All this to say, LLMs are like 90 million competitive cognitive artifacts in one. Every aspect of human thinking that involves language, it's competing against to some extent. We are fundamentally changing the cognitive horizons of human experience and I genuinely think that the advent of widespread literacy and the invention of spoken language in general were the only two points in human history that were comparable.
This is interesting.
One little-discussed point Popper makes in his 'Open Society and Its Enemies' is that the maximally open society would lack all face-to-face interaction. He seems uncertain about this, as he's obviously in favour of the open society.
I'm reminded of the Zizek joke about the couple who plug in her robotic dildo into his Fleshlight and let that contraption have the sex for them, and then, their guilt gone, they can sit and have a good talk
>>7031
>>7021
About a decade ago I came across the idea of competitive and complementary cognitive artifacts.

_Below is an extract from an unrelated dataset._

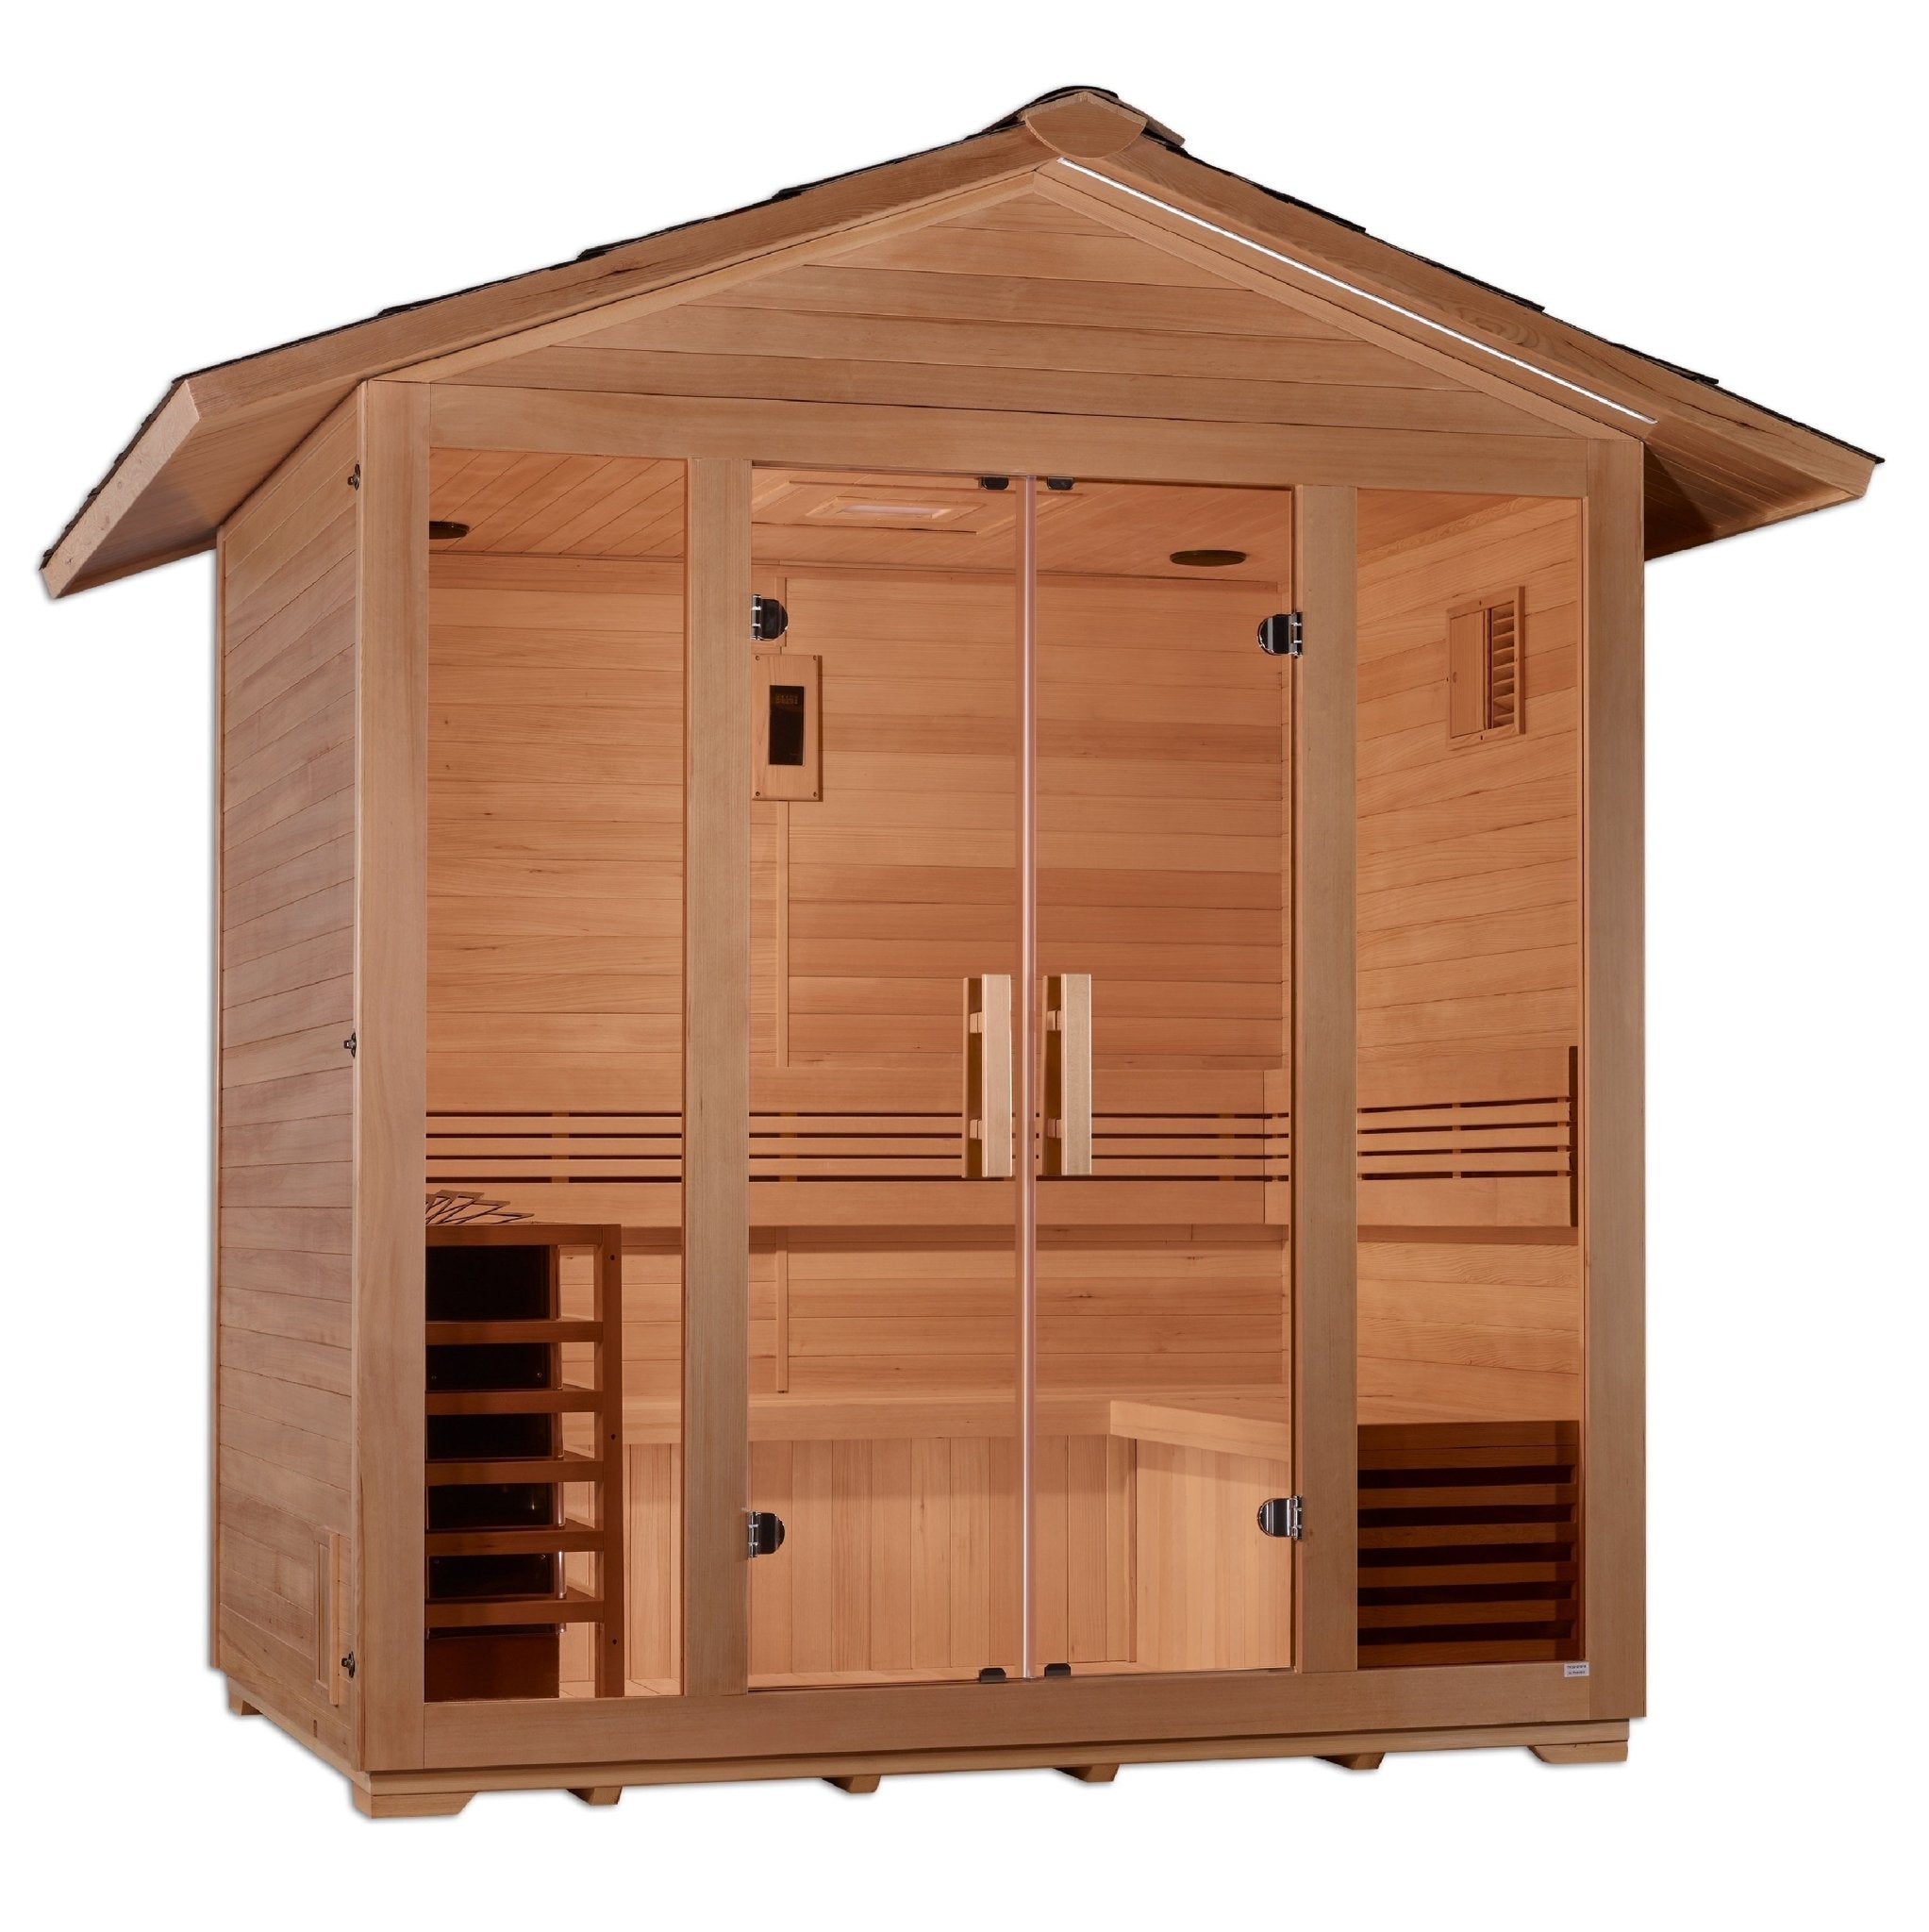 Golden Designs "Vorarlberg" 5 Person Traditional Outdoor Sauna - Canadian Hemlock - The Sauna World

Basically, some things like calculators plainly replace a cognitive ability in humans and when taken away we are worse for it. Others, like an abacus, increase cognitive capacity. When you learn how to use it, you both become more efficient at basic calculation and you can achieve roughly the same result when it is taken away by imagining an abacus. A map is another example of the complementary one. If I show you one, you can memorize a region's territory to some extent even if I take it away a moment later. A voice activated GPS with no map screen, on the other hand, would be competing with your brain's development of directional skills. If you spend your life navigating that way, the moment it's taken away you have no ability to navigate.
All this to say, LLMs are like 90 million competitive cognitive artifacts in one. Every aspect of human thinking that involves language, it's competing against to some extent. We are fundamentally changing the cognitive horizons of human experience and I genuinely think that the advent of widespread literacy and the invention of spoken language in general were the only two points in human history that were comparable.
Skill issue on the part of 80% of humanity. They let themselves get taken advantage by elements in their environment instead of being the master of those elements around them. Knowing your way around a computer in current year is starting to be like being part of a wholly separate race. I am almost done being social justice about it. Good luck with your fried brains, normies
I now realise that what I can't find on the Internet nowadays, I ask the IA agent; but these are things I used to find, generally on obscure tutorial made by some geek - all those websites that diseappeared with time and/or under deplorable SEO cheats.
This is a second death of the old Internet.